*WORK ITEM*
Repeat nothing but the line that contains "Комплект: жилет и брюки для мальчика ScoolКомплект: жилет" and the lines after it, through the end of the listing, exactly as they stand; omit pictures.

*DATA PROVIDED*
--------

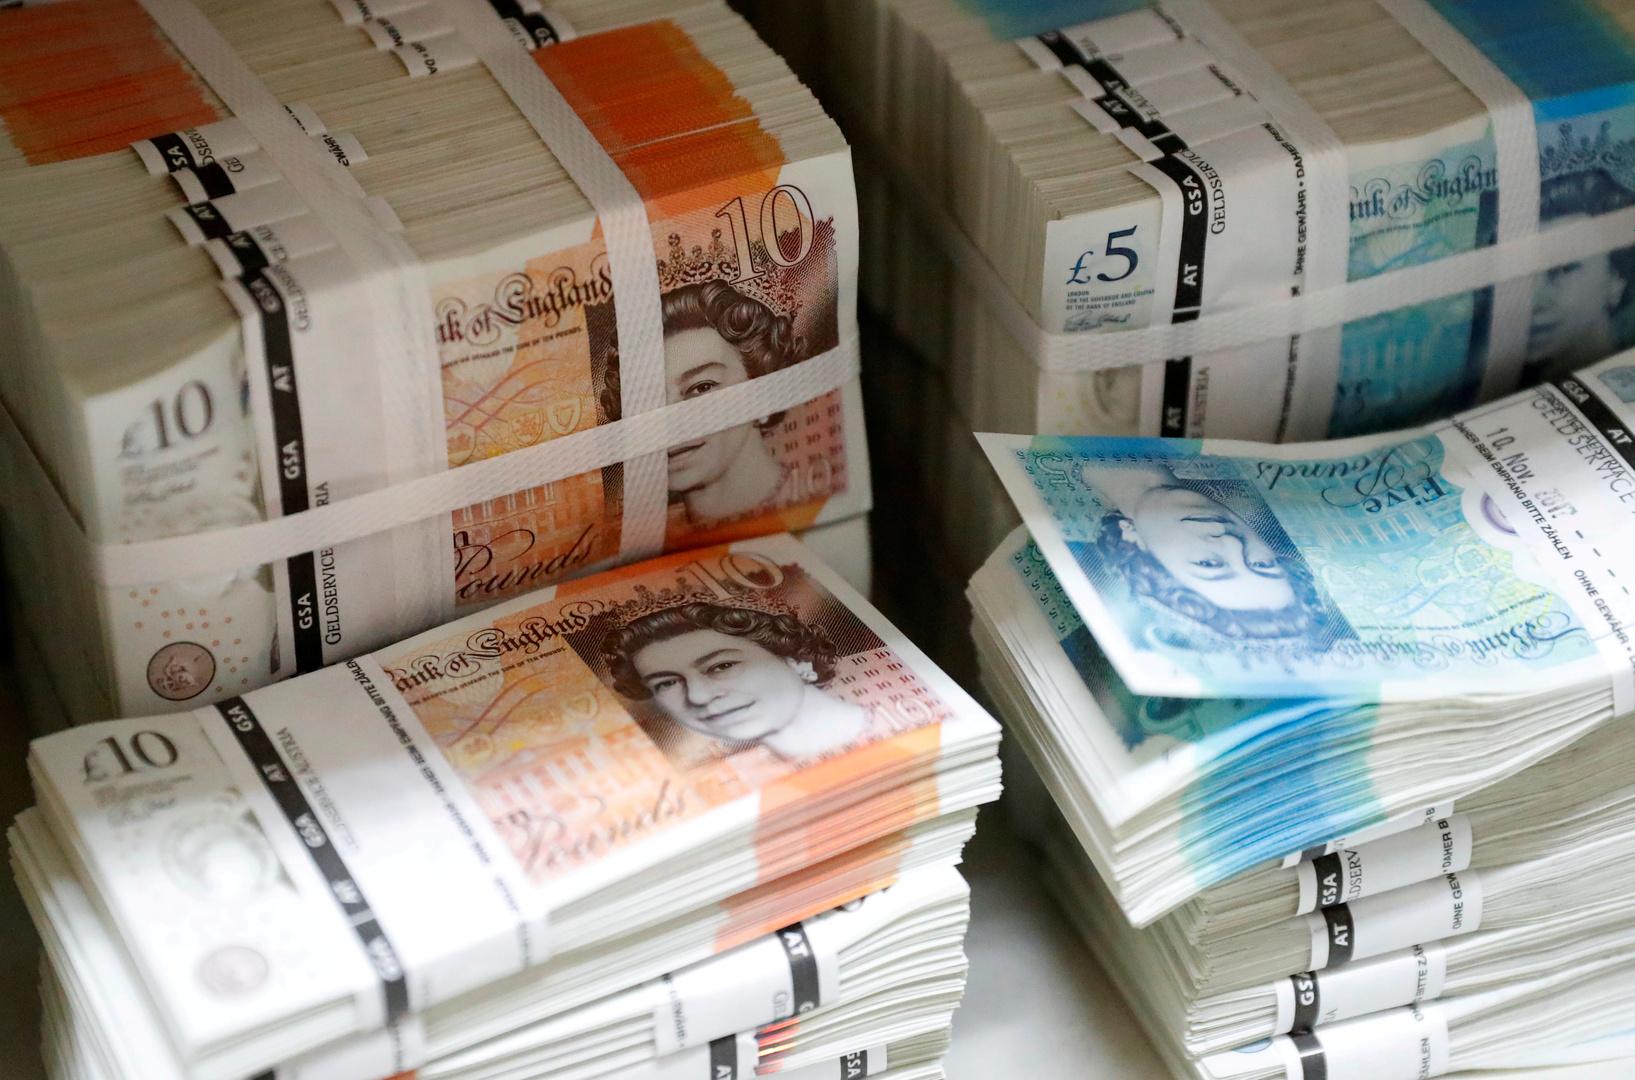 المملكة المتحدة تسجل أعلى زيادة لعجز الموازنة منذ عام 1946
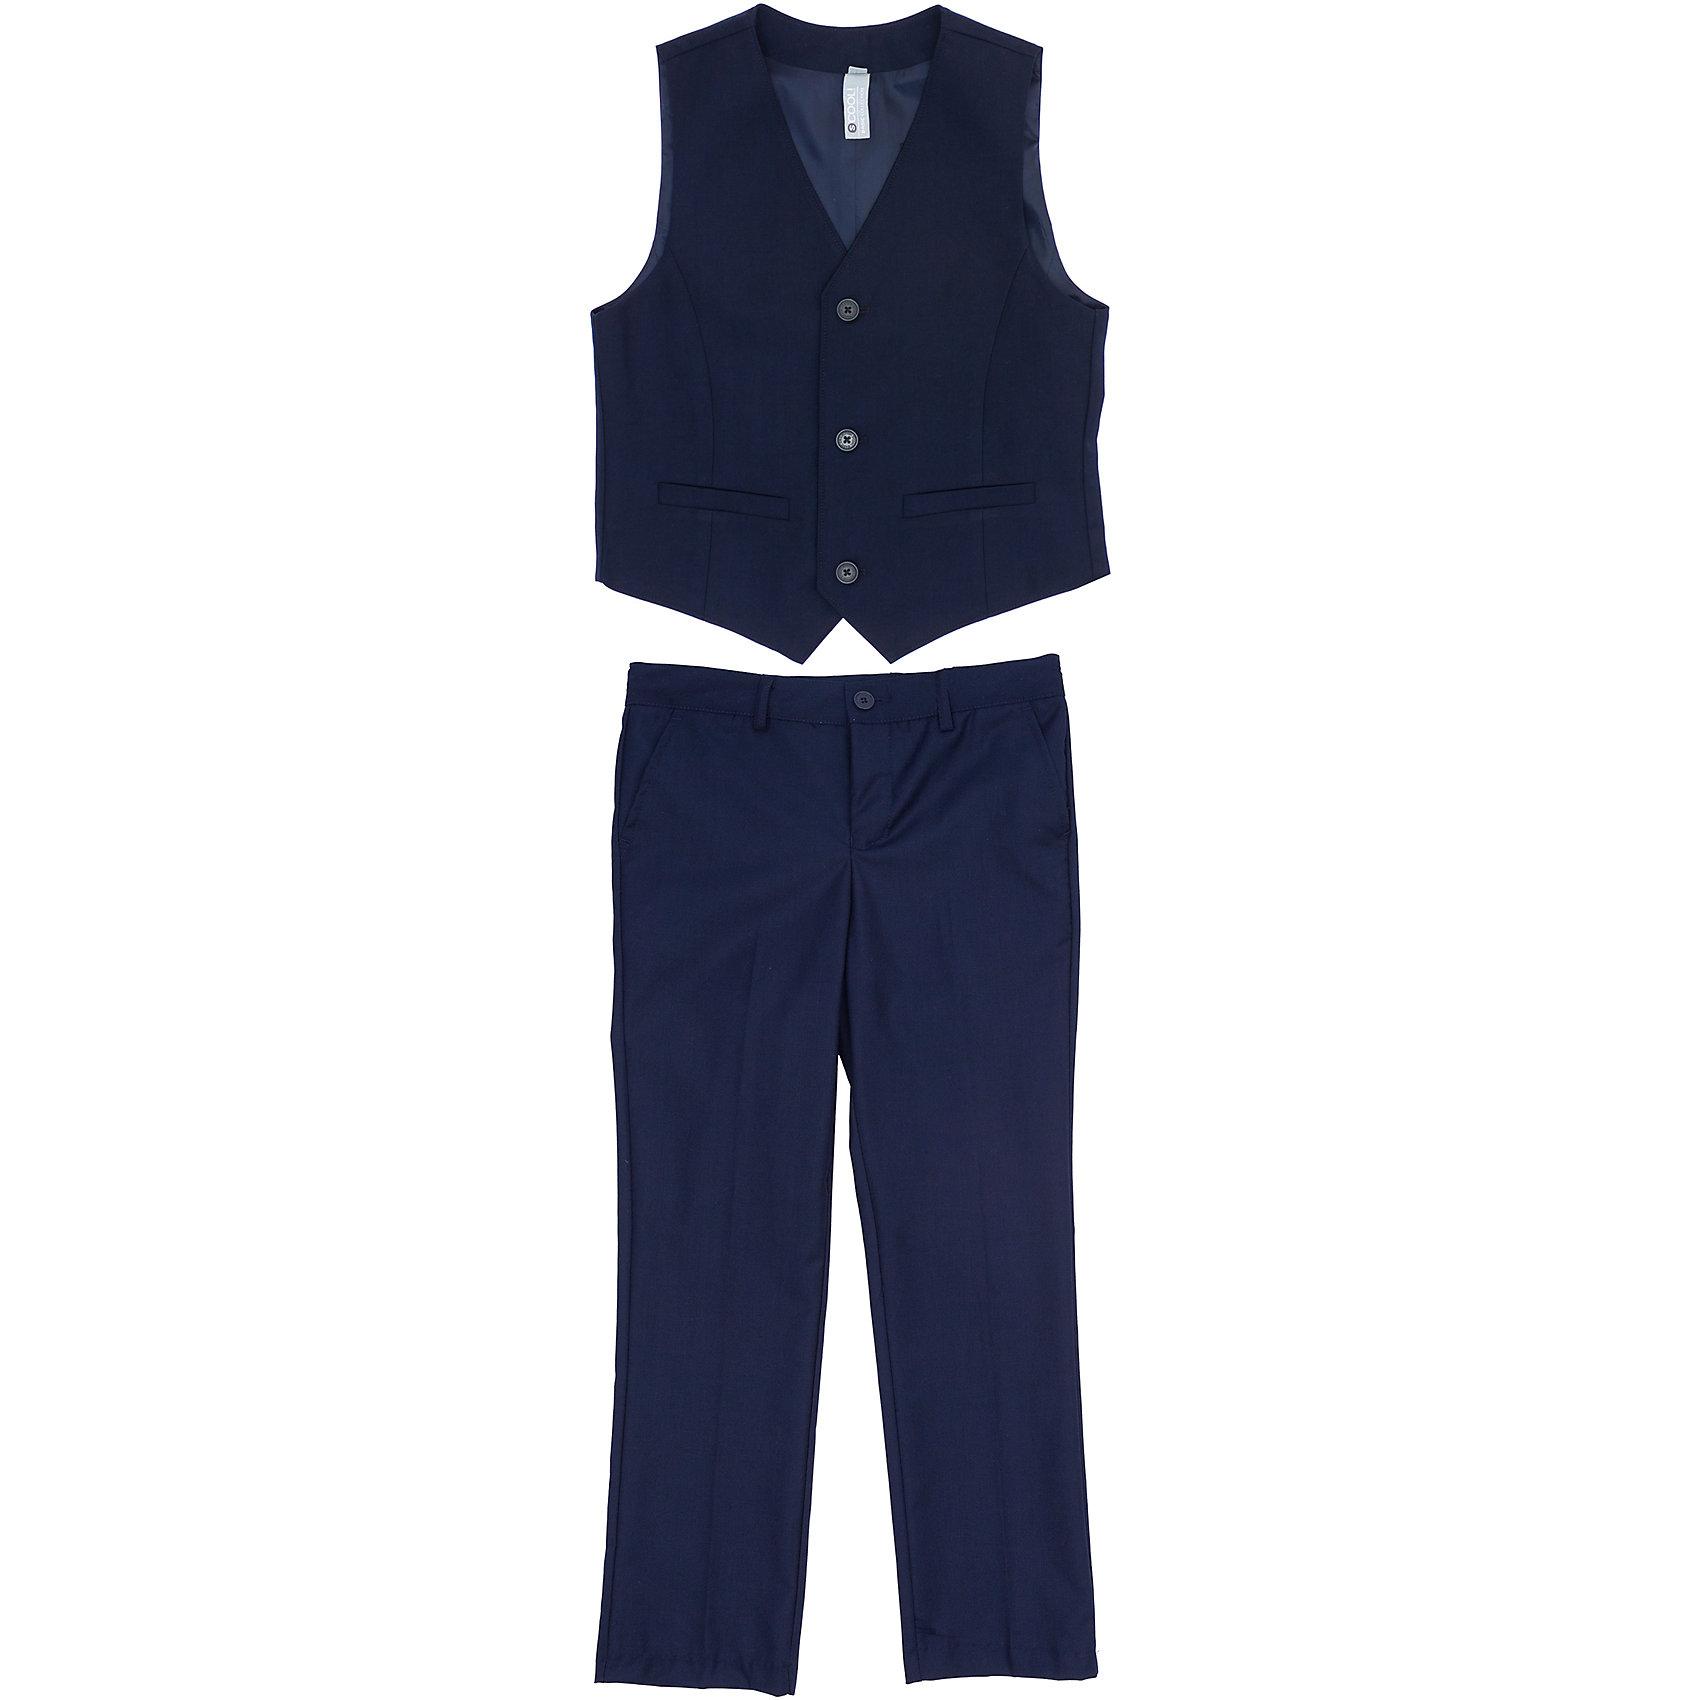 Комплект: жилет и брюки для мальчика ScoolКомплект: жилет и брюки для мальчика от известного бренда Scool<br>Состав:<br>Верх: 65% полиэстер, 35% вискоза, Подкладка: 65% полиэстер 35% вискоза<br>Классический комплект: жилет и брюки со стрелками. Стильный темно-синий цвет позволяет сочетать комплект с любыми рубашками. <br>Жилет на подкладке, застегивается на 3 пуговицы. Украшен декоративными карманами. <br>Брюки застегиваются на молнию и пуговицу, есть шлевки для ремня. Спереди 2 функциональных кармана.<br><br>Ширина мм: 247<br>Глубина мм: 16<br>Высота мм: 140<br>Вес г: 225<br>Цвет: полуночно-синий<br>Возраст от месяцев: 72<br>Возраст до месяцев: 84<br>Пол: Мужской<br>Возраст: Детский<br>Размер: 122,134,164,158,152,146,140,128<br>SKU: 4686715
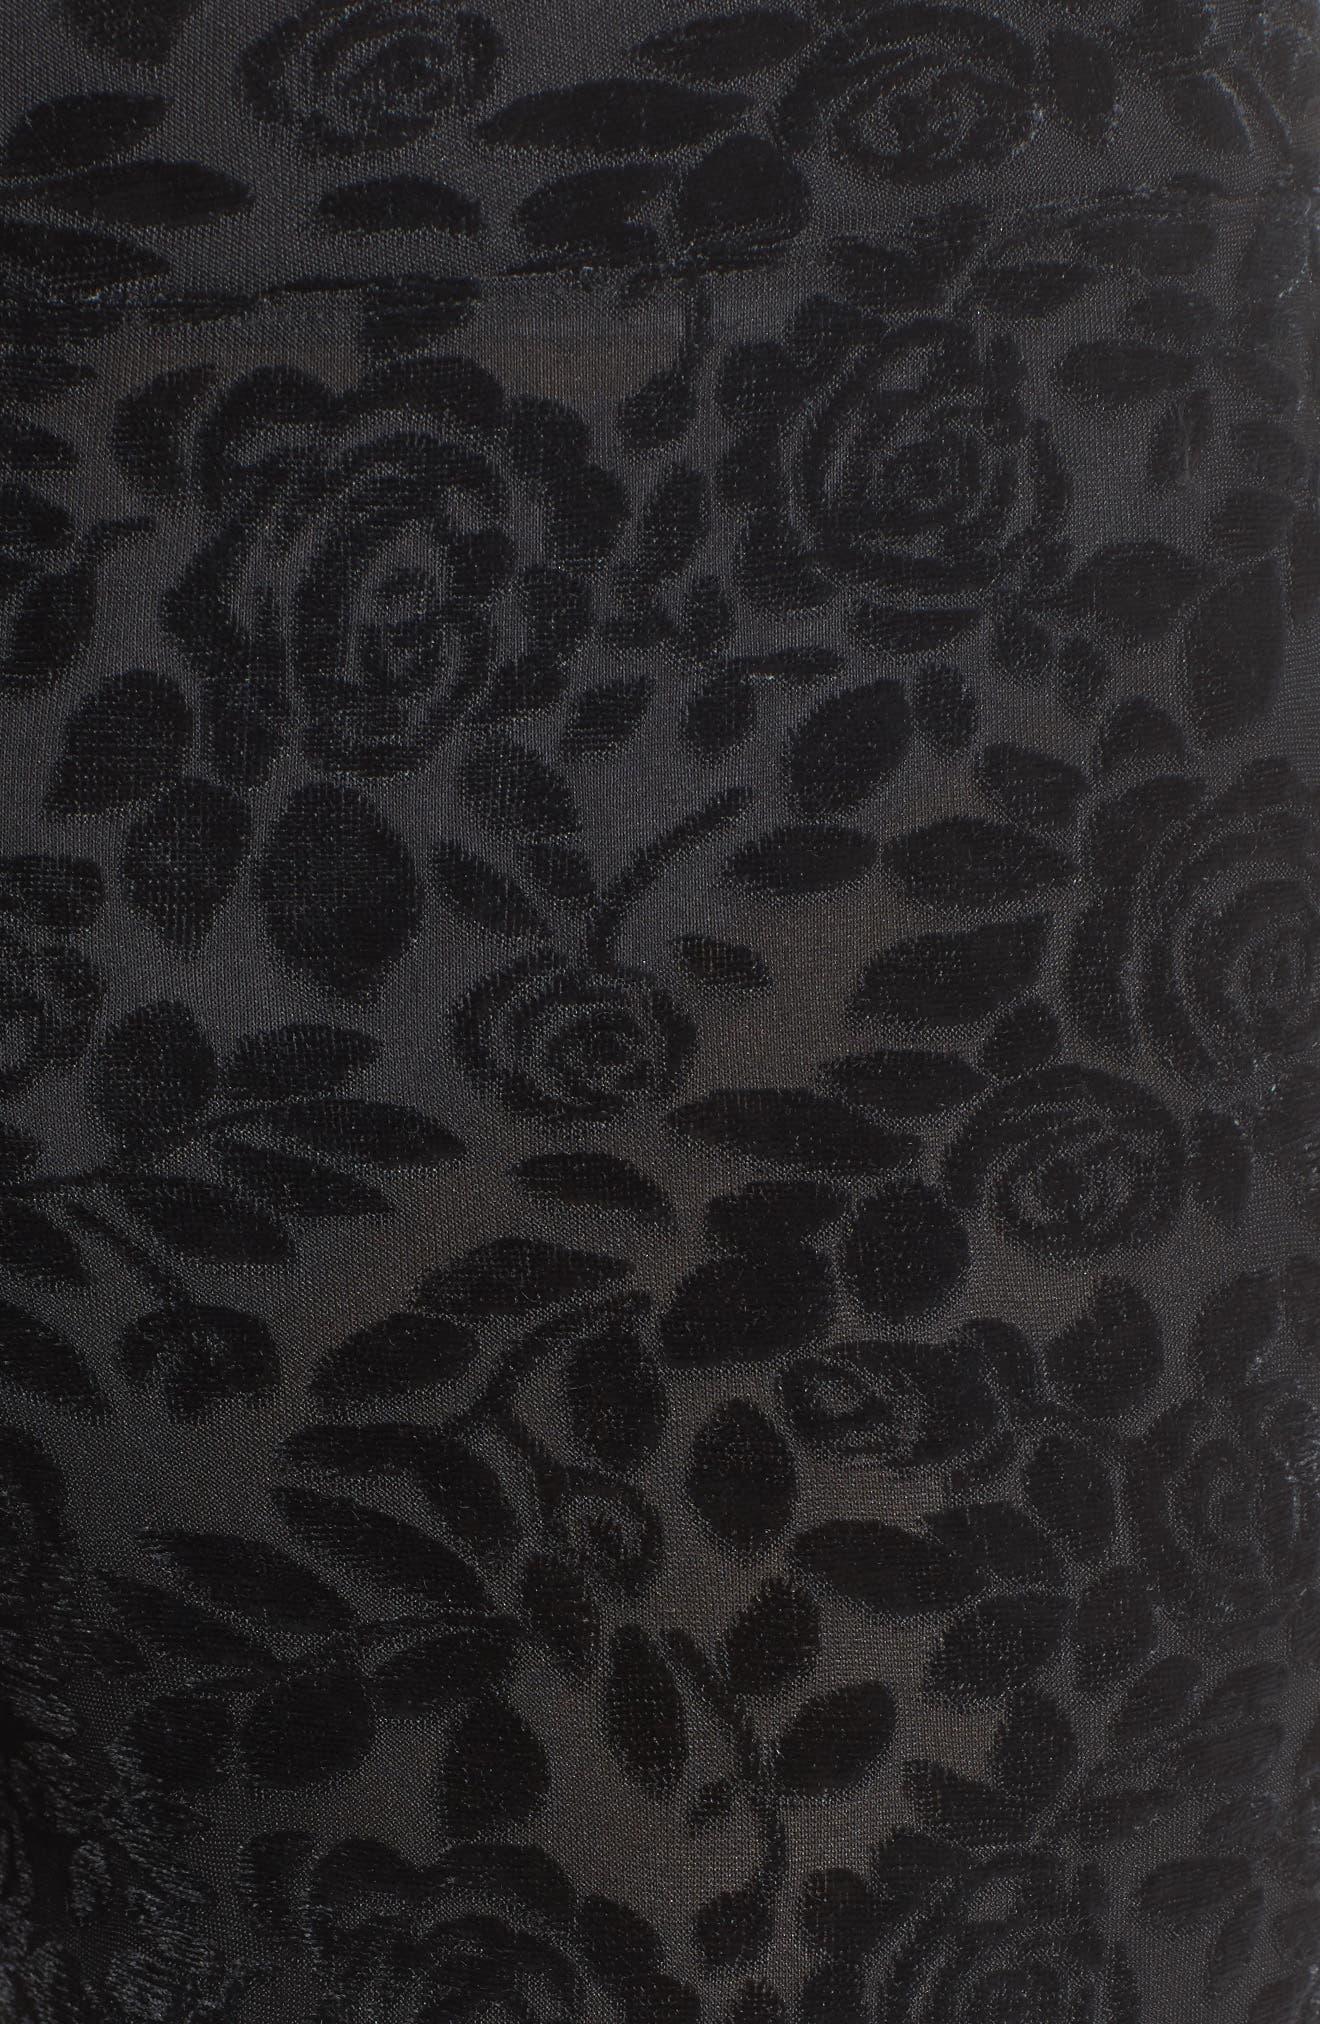 Burnout Floral Leggings,                             Alternate thumbnail 6, color,                             Black

--------

*RESULT OF THIS EXERCISE*
 Комплект: жилет и брюки для мальчика ScoolКомплект: жилет и брюки для мальчика от известного бренда Scool<br>Состав:<br>Верх: 65% полиэстер, 35% вискоза, Подкладка: 65% полиэстер 35% вискоза<br>Классический комплект: жилет и брюки со стрелками. Стильный темно-синий цвет позволяет сочетать комплект с любыми рубашками. <br>Жилет на подкладке, застегивается на 3 пуговицы. Украшен декоративными карманами. <br>Брюки застегиваются на молнию и пуговицу, есть шлевки для ремня. Спереди 2 функциональных кармана.<br><br>Ширина мм: 247<br>Глубина мм: 16<br>Высота мм: 140<br>Вес г: 225<br>Цвет: полуночно-синий<br>Возраст от месяцев: 72<br>Возраст до месяцев: 84<br>Пол: Мужской<br>Возраст: Детский<br>Размер: 122,134,164,158,152,146,140,128<br>SKU: 4686715
 Burnout Floral Leggings,                             Alternate thumbnail 6, color,                             Black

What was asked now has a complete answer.